How does Chicago artist Dolan Geiman describe his aesthetic? As “contemporary art with a Southern accent,” an apt way to introduce his menagerie of animal assemblages influenced by his childhood on a Virginia farm and work as a Forest Service naturalist.
For sculptural works such as Mamont, made of walnut, Laura Buchan draws inspiration from creatures both living and extinct – in this case, an octopus and a woolly mammoth. The artist, who lives in Portland, Oregon, chooses these juxtapositions to draw attention to issues such as dwindling biodiversity and mass extinction.

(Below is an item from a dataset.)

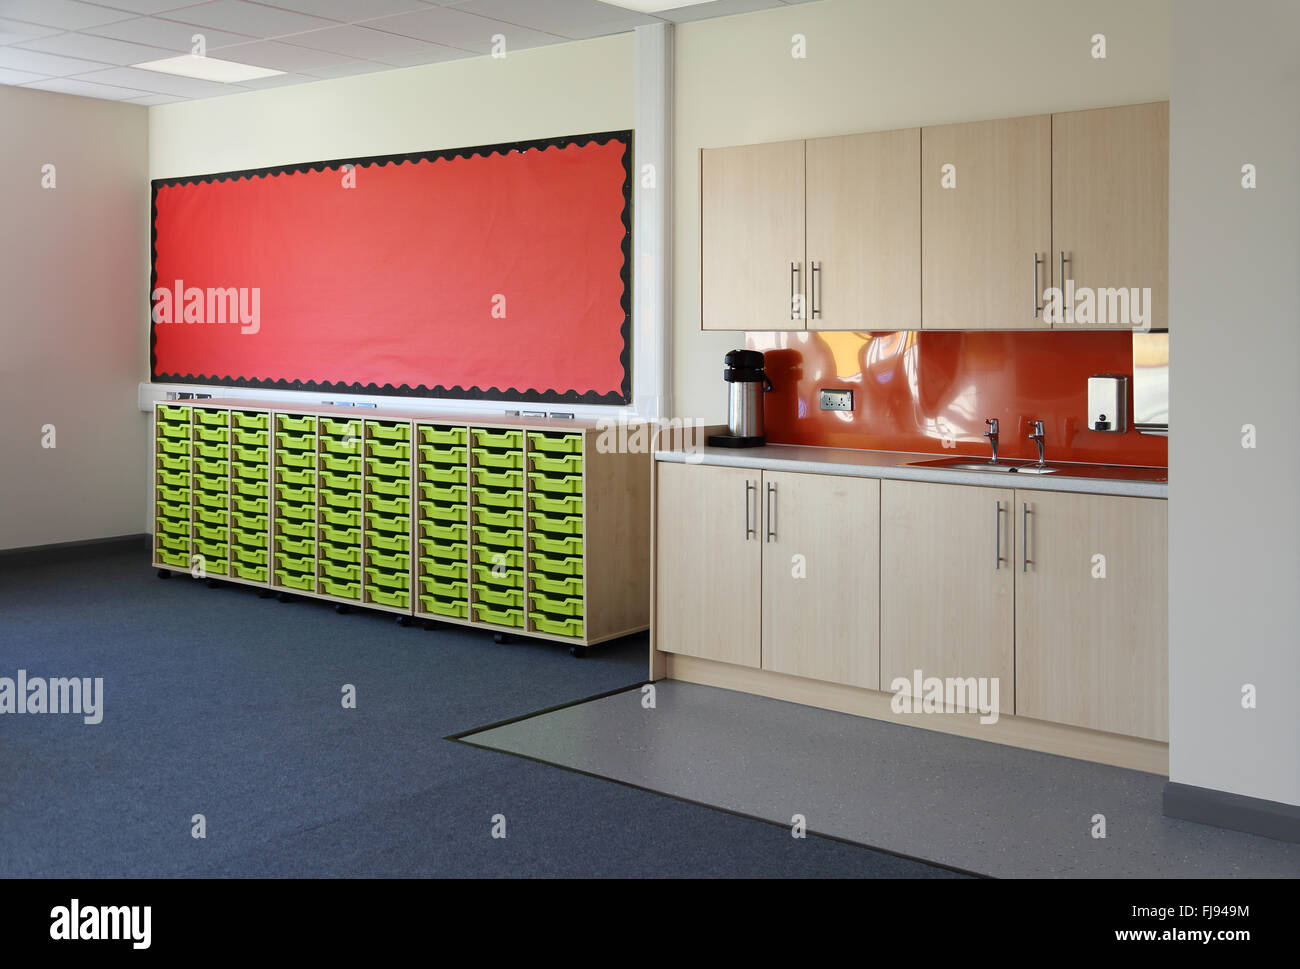 Nassbereich in einer neuen Schulklassenzimmer. Zeigt Waschbecken und Küche-Stil Lagerung plus Schubladen für Schülerinnen und Schüler Stockfoto

To create big, botanical beauties such as these 26-inch chrysanthemums, San Francisco artist Tiffanie Turner works with heavy-gauge Italian crepe paper, a material that provides ample ways to express the ephemeral life of a flower, from full bloom to eventual decay.
By some estimates, there are between 25,000 and 30,000 species of orchids. Seattle glass artist Debora Moore has traveled the world to study this mesmerizing family of flowers and re-imagines their elegance in work such as her Gigantica series, which is influenced by the symbiotic relationship between orchids and insects.
Inspired by the folk tales he grew up with, self-taught Yorkshire artist Mister Finch creates whimsical insects and other critters from forgotten scraps of fabric. Each work is a “storytelling creature,” says the artist, “for people who are also a little lost, found, and forgotten.” This moth appears in his recently published book Mister Finch: Living in a Fairytale World (Glitterati Incorporated).
Is it a piece of wood? Or a functional teapot? In the work of North Carolina ceramist Eric Serritella, clay intimately mimics the nuances of birch bark, weathered logs, and even charred tree limbs. Serritella wants his work to foster environmental awareness and encourage viewers to “walk with softer steps.”